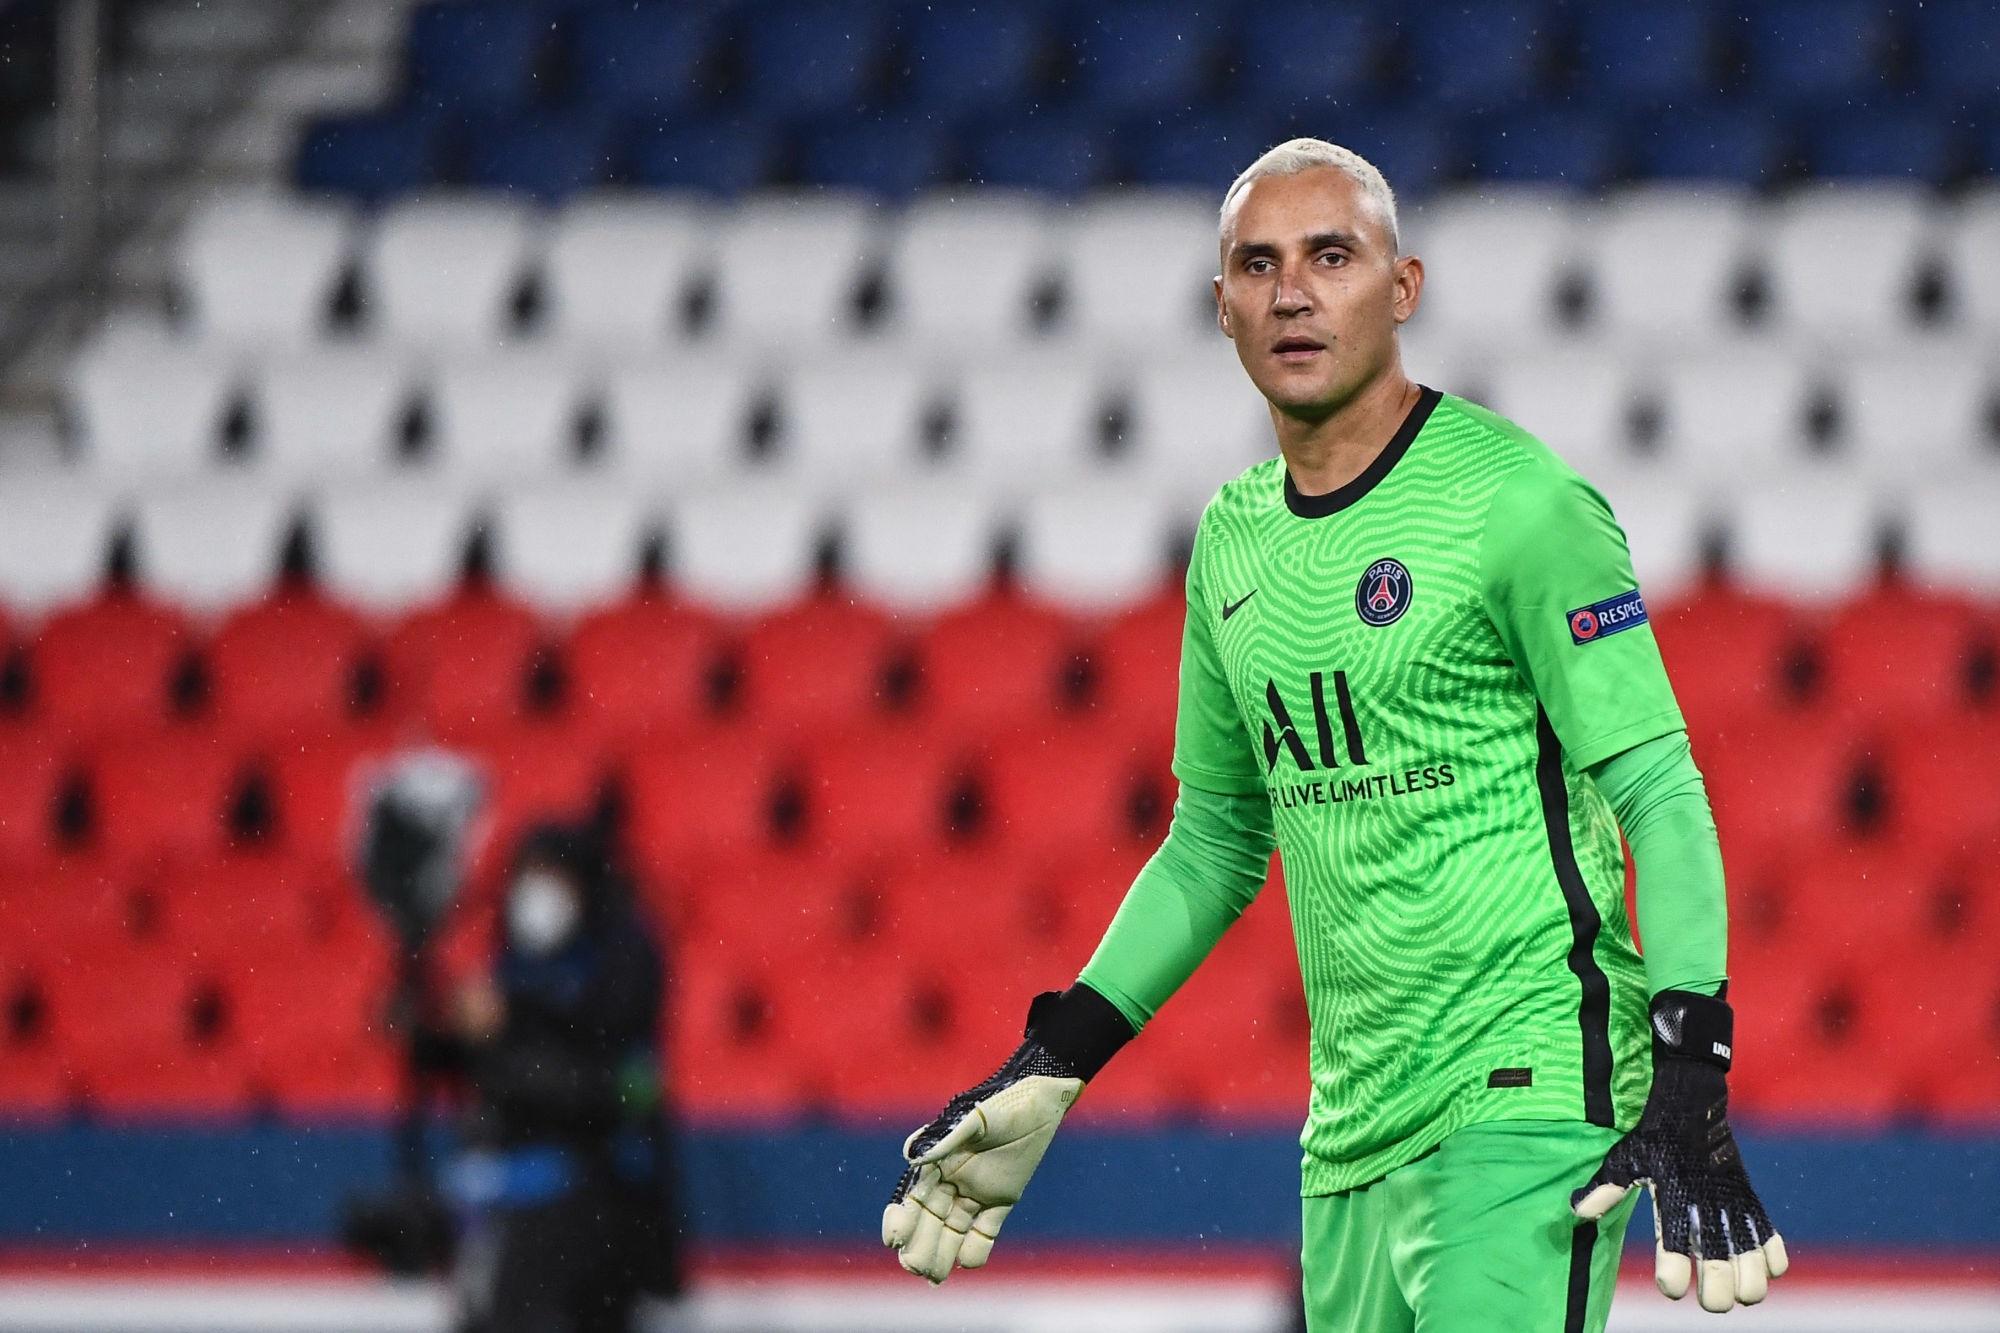 Navas probablement de retour pour PSG/Nice, selon L'Equipe
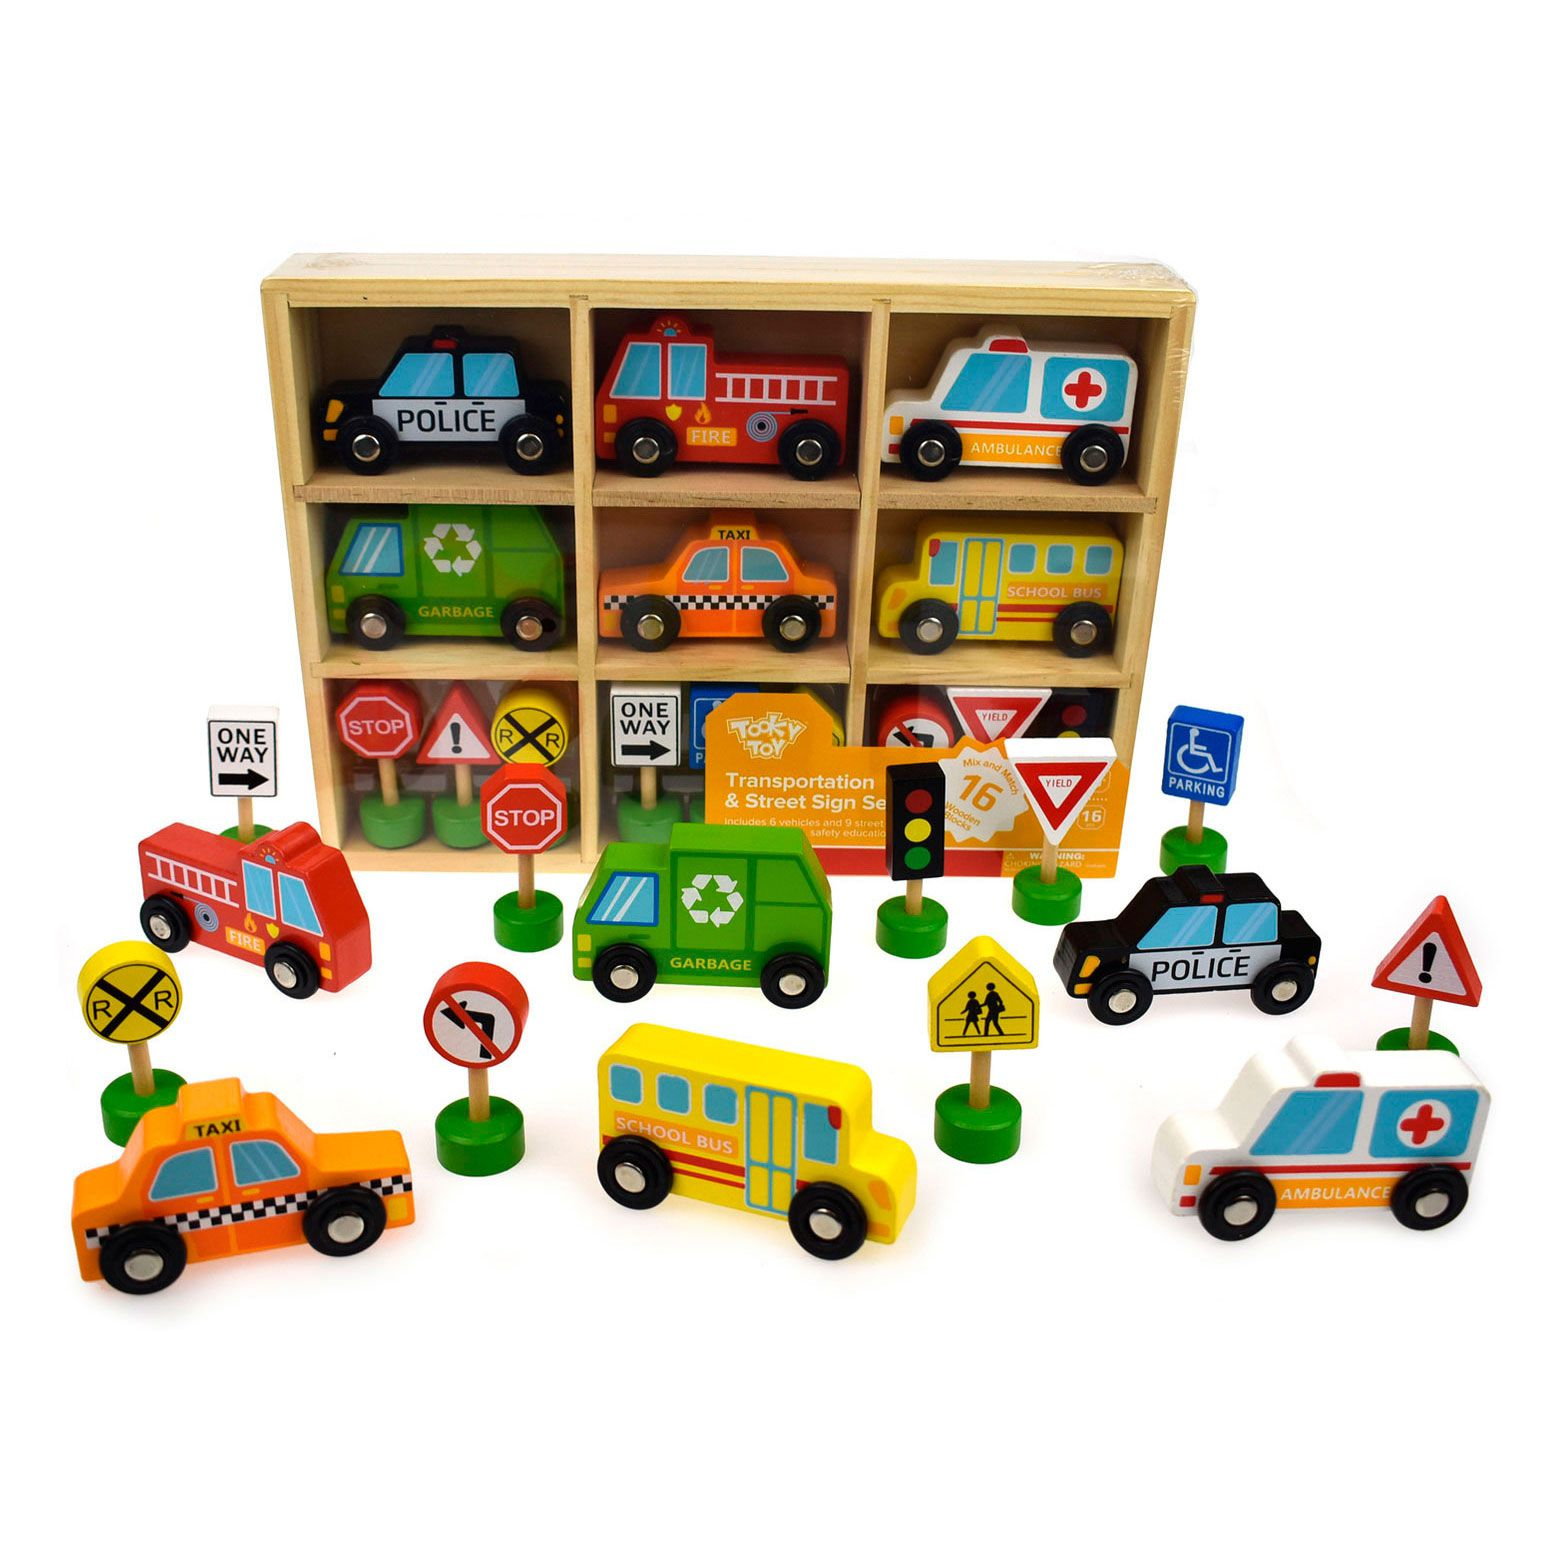 Carrinhos e Placas de Trânsito em Madeira - Tooky Toy
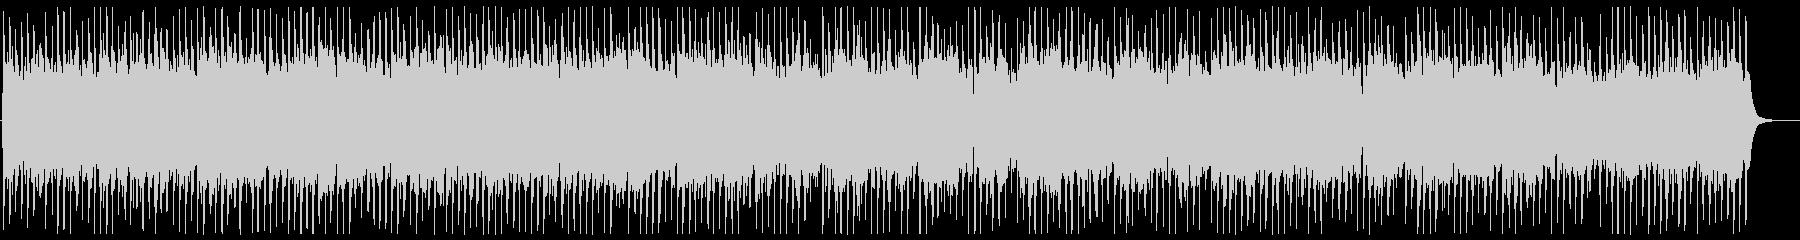 沖縄系ヒーリングBGM(ギターソロなし)の未再生の波形
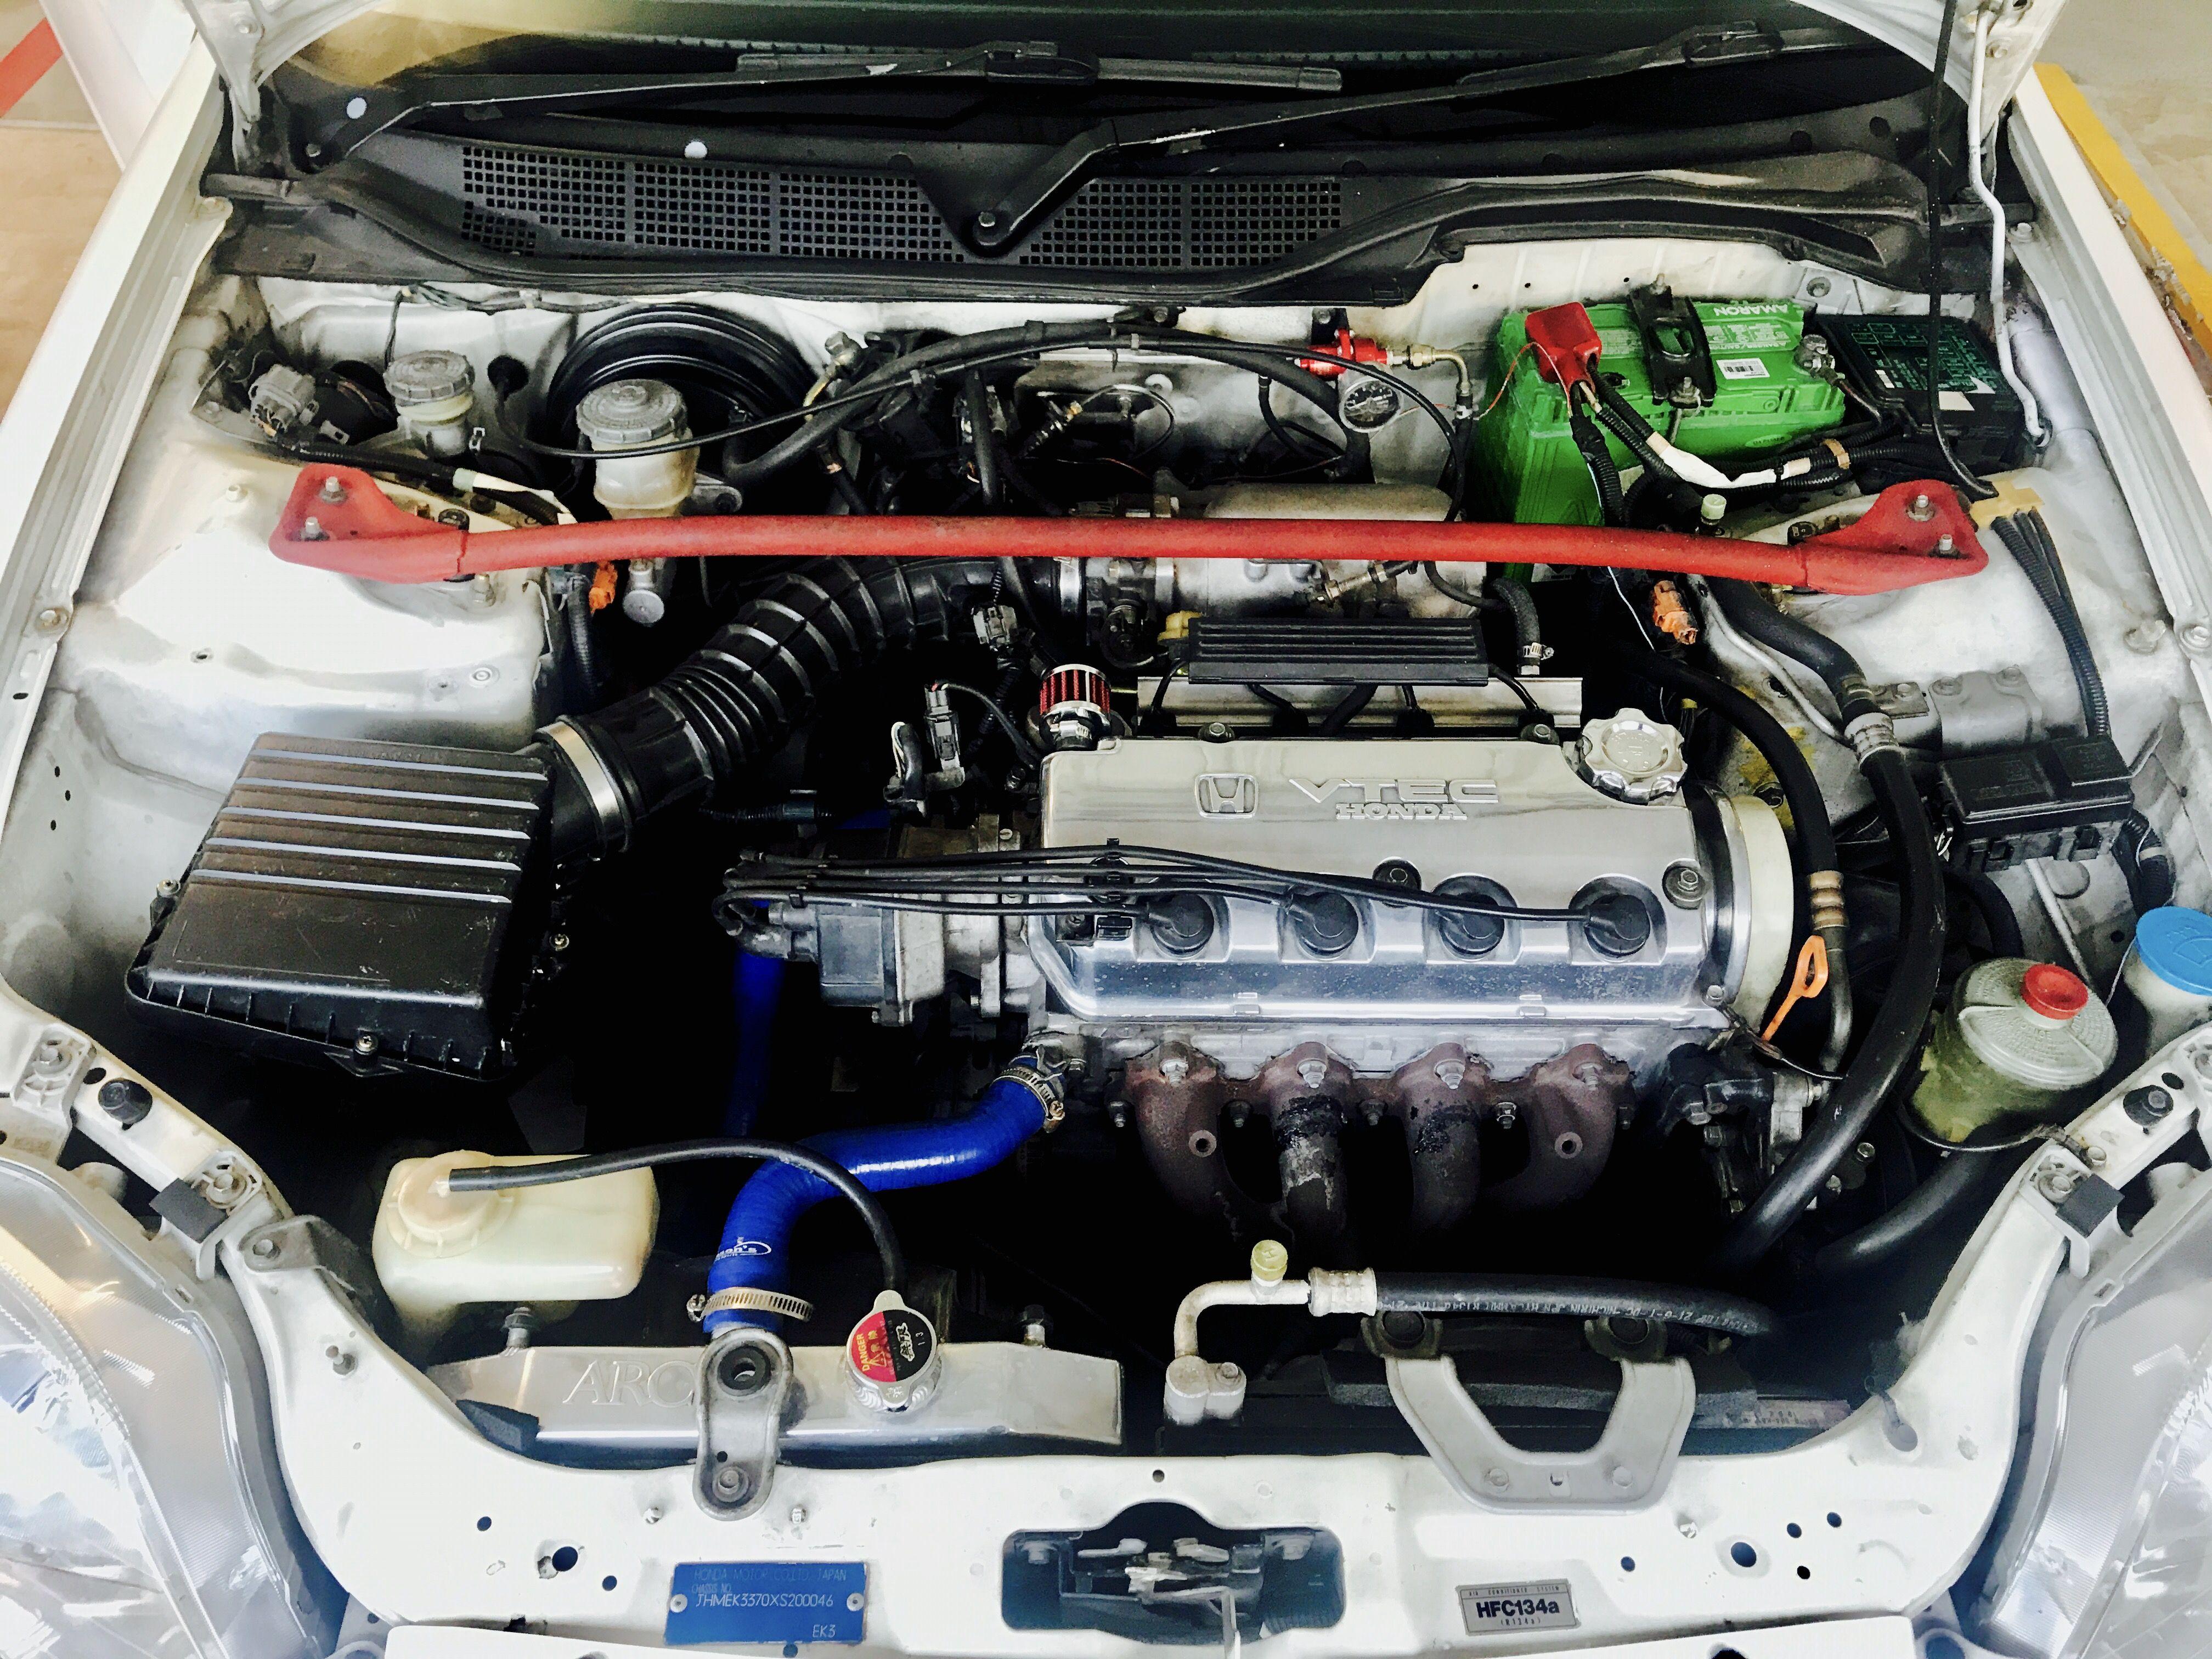 D15z7 Jdm Vtec Sohc Engine Dual Solenoid Honda Civic Vti Ek3 Vtec Honda Civic Engineering
+ + + + +
▶ [What is being asked]: Once the pictures are set aside, please reproduce the remaining material word for word.

▶ [Exercise output]:
 Navas probablement de retour pour PSG/Nice, selon L'Equipe
 Carrinhos e Placas de Trânsito em Madeira - Tooky Toy
 沖縄系ヒーリングBGM(ギターソロなし)の未再生の波形
 D15z7 Jdm Vtec Sohc Engine Dual Solenoid Honda Civic Vti Ek3 Vtec Honda Civic Engineering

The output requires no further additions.